(Data begins)
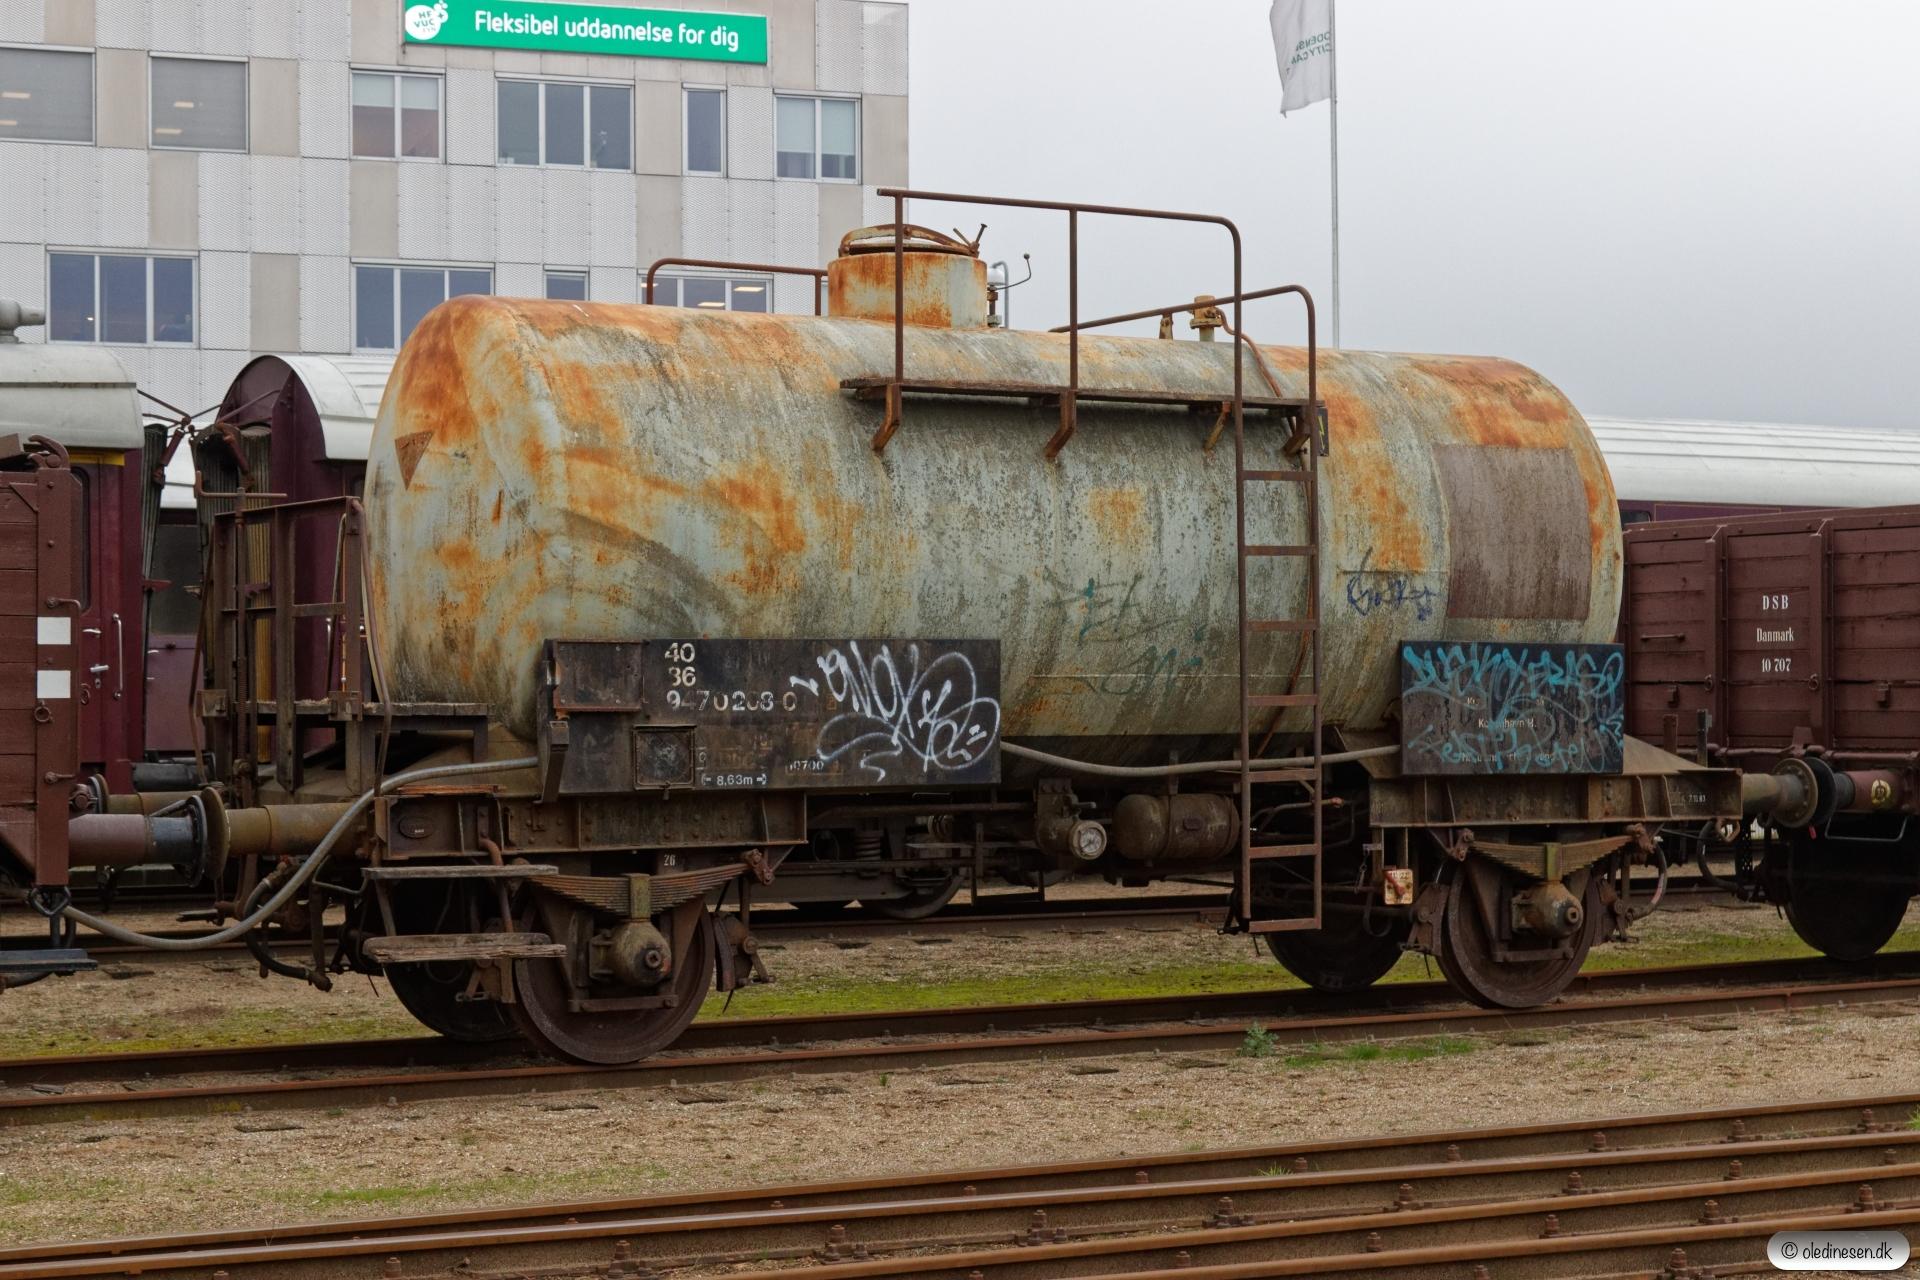 DSB 40 86 947 0 208-0 (ex. ZE 502853). Odense 25.11.2019.
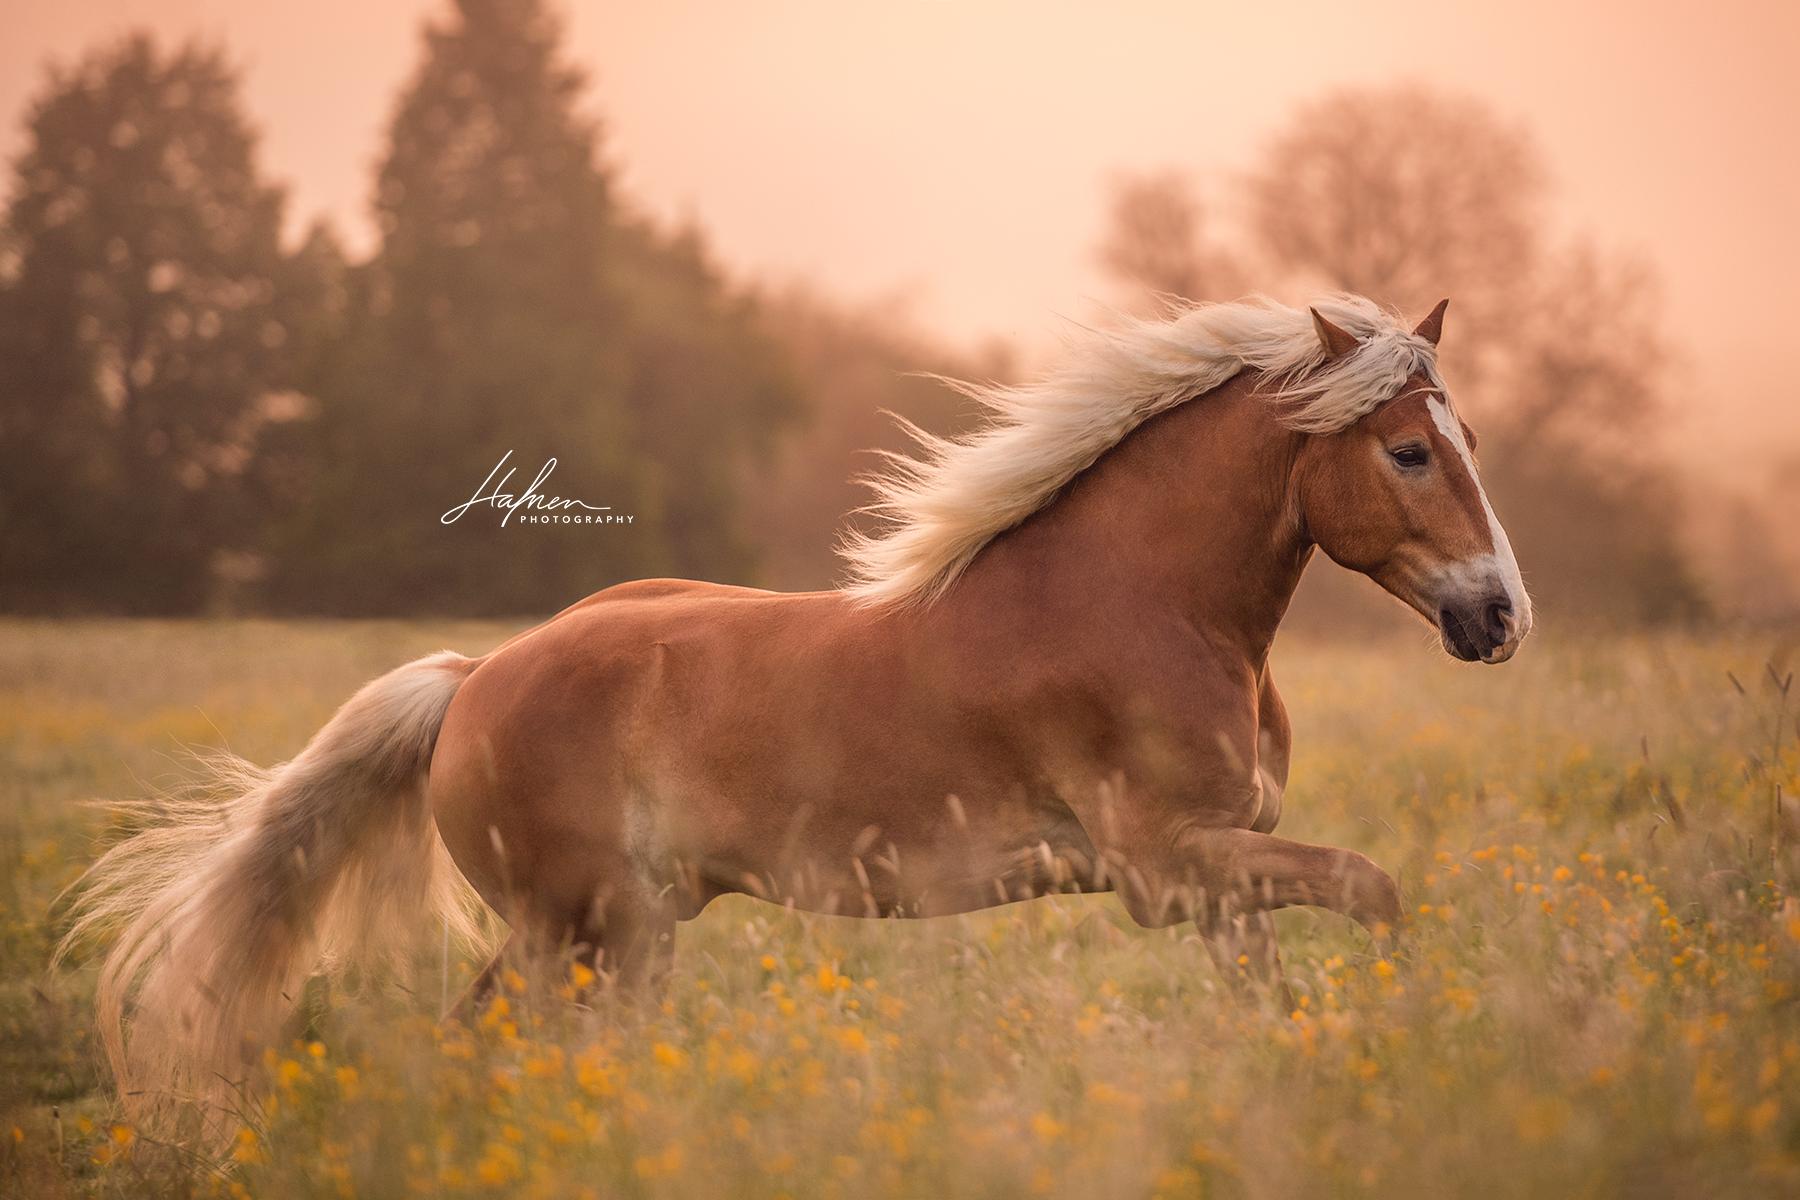 Haflinger Wallach Im Sonnenaufgang Pferd Bilder Foto Fotografie Fotoshooting Pferdefotografie Pferd Pferde Fotografie Pferde Bilder Pferdefotos
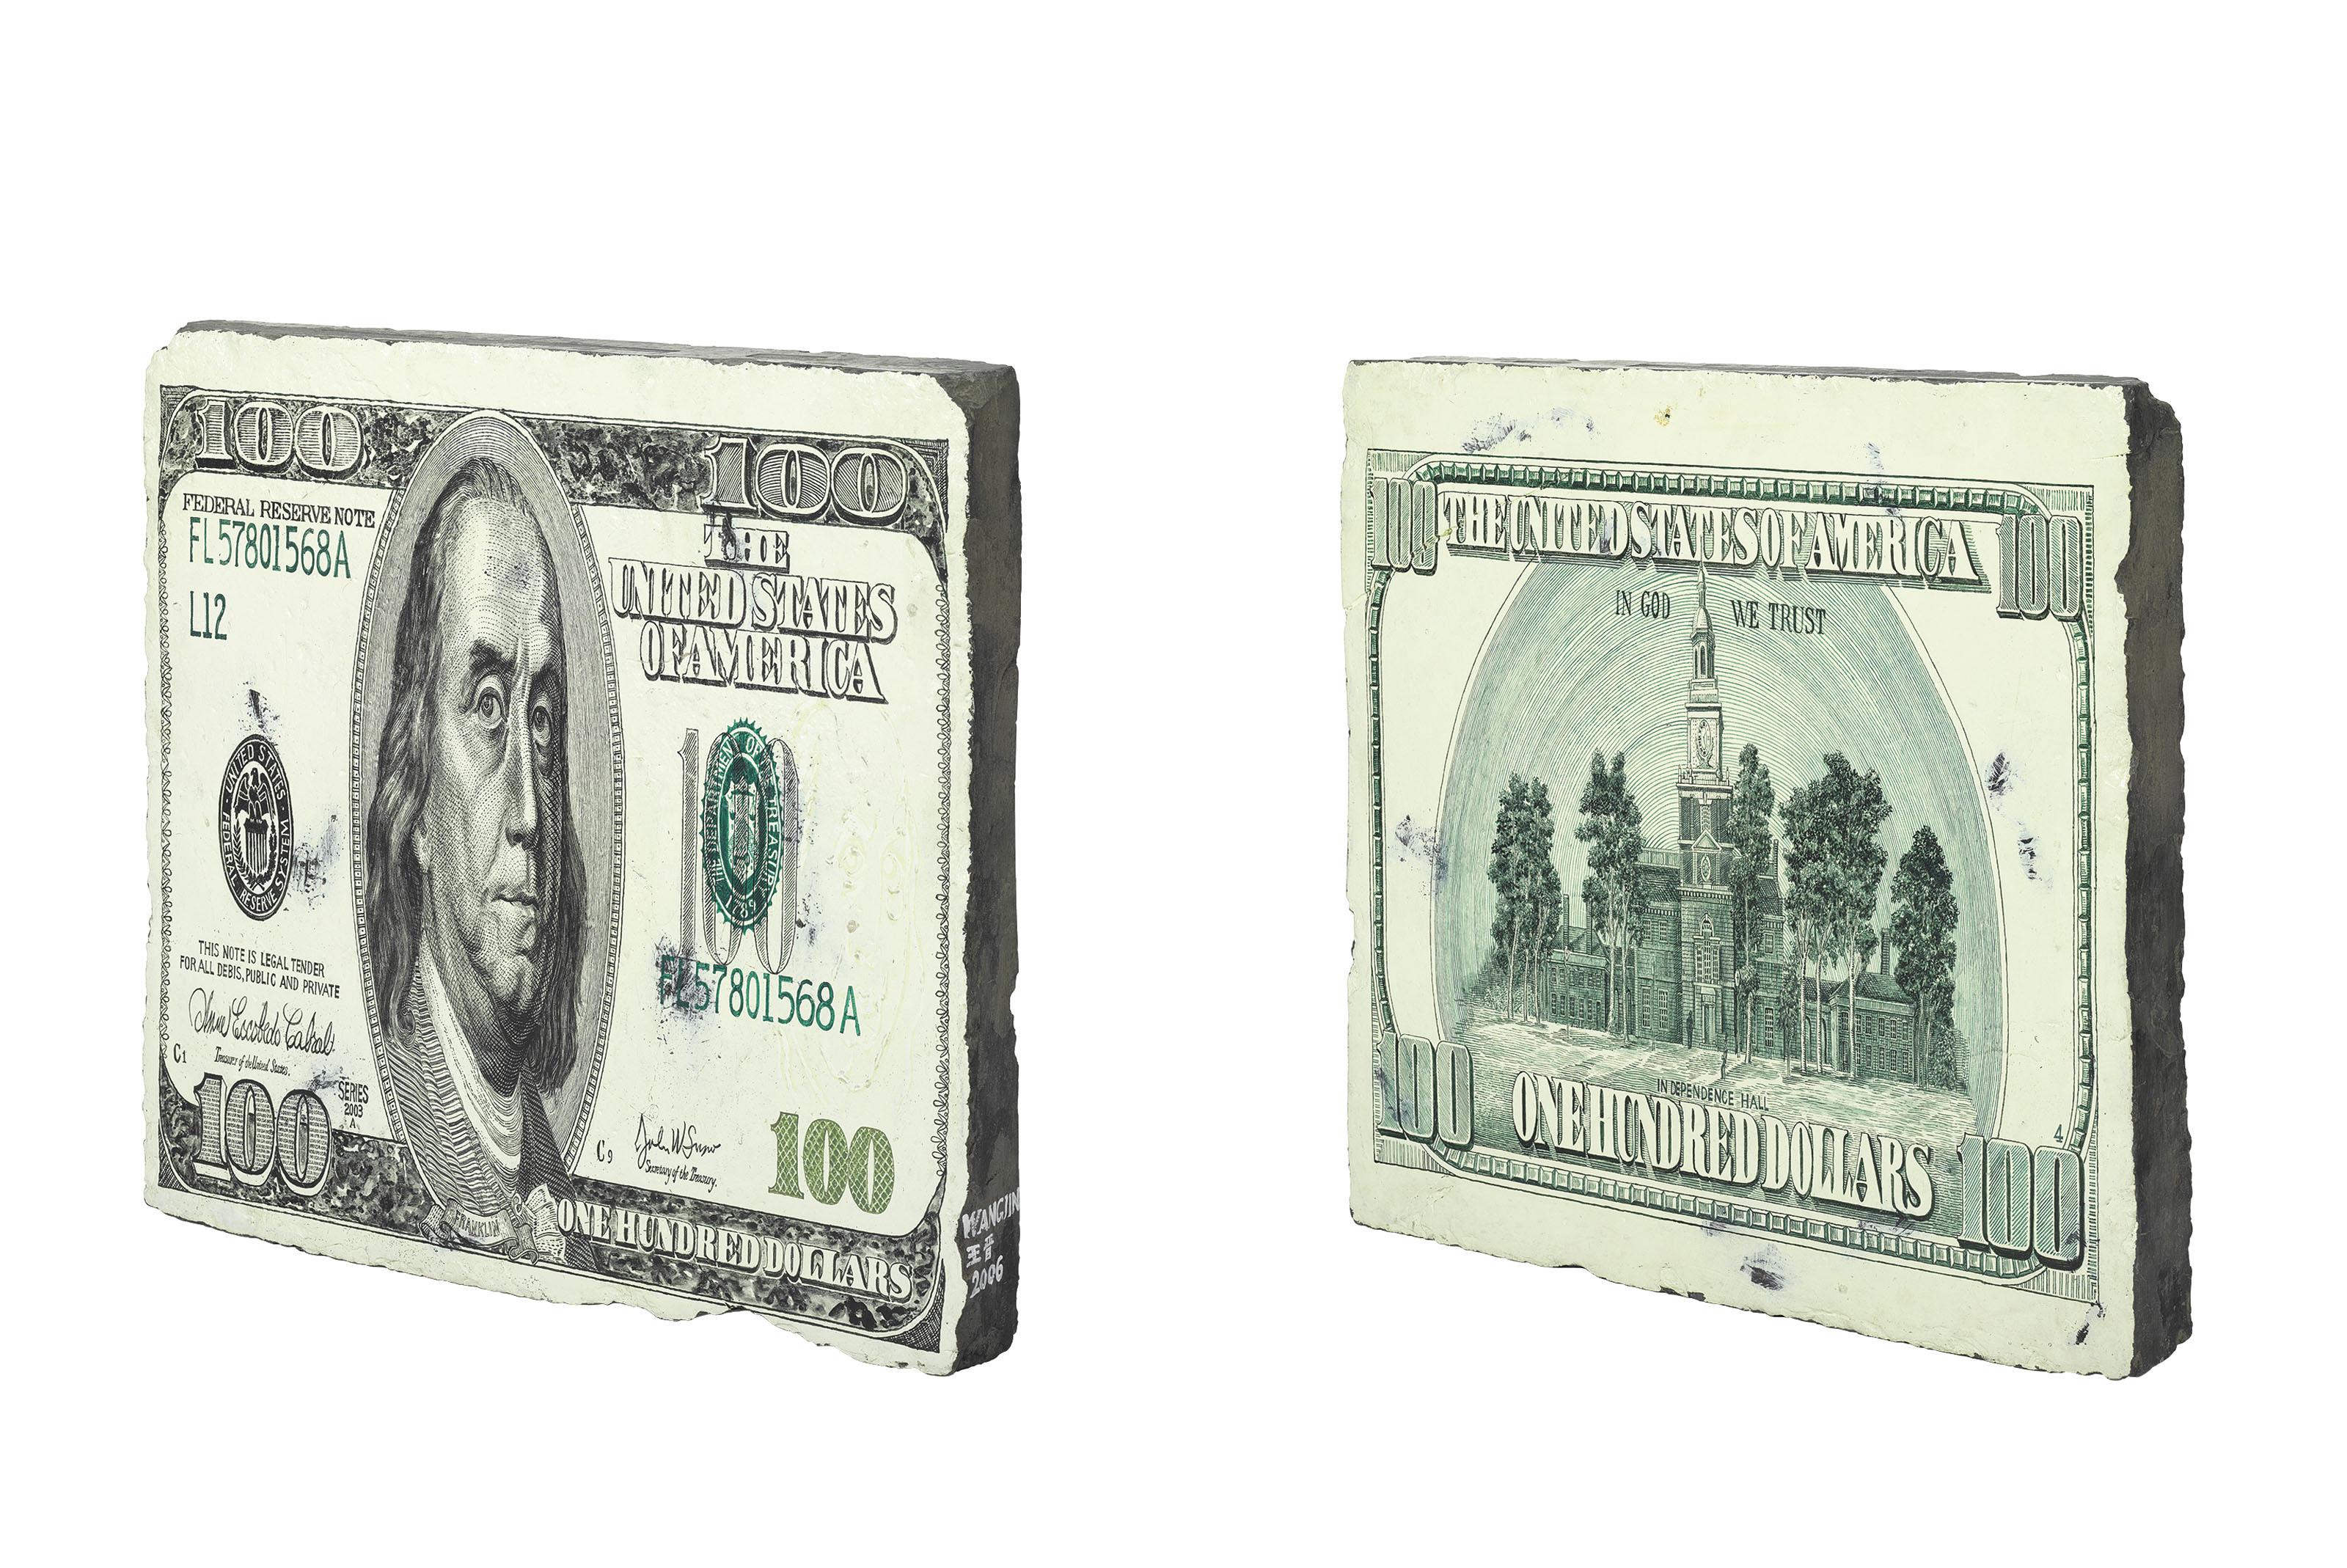 US$100
(Data ends)
Problem: Print out the material verbatim, skipping pictures.

Response to the task:
 DSB 40 86 947 0 208-0 (ex. ZE 502853). Odense 25.11.2019.
 Haflinger Wallach Im Sonnenaufgang Pferd Bilder Foto Fotografie Fotoshooting Pferdefotografie Pferd Pferde Fotografie Pferde Bilder Pferdefotos
 US$100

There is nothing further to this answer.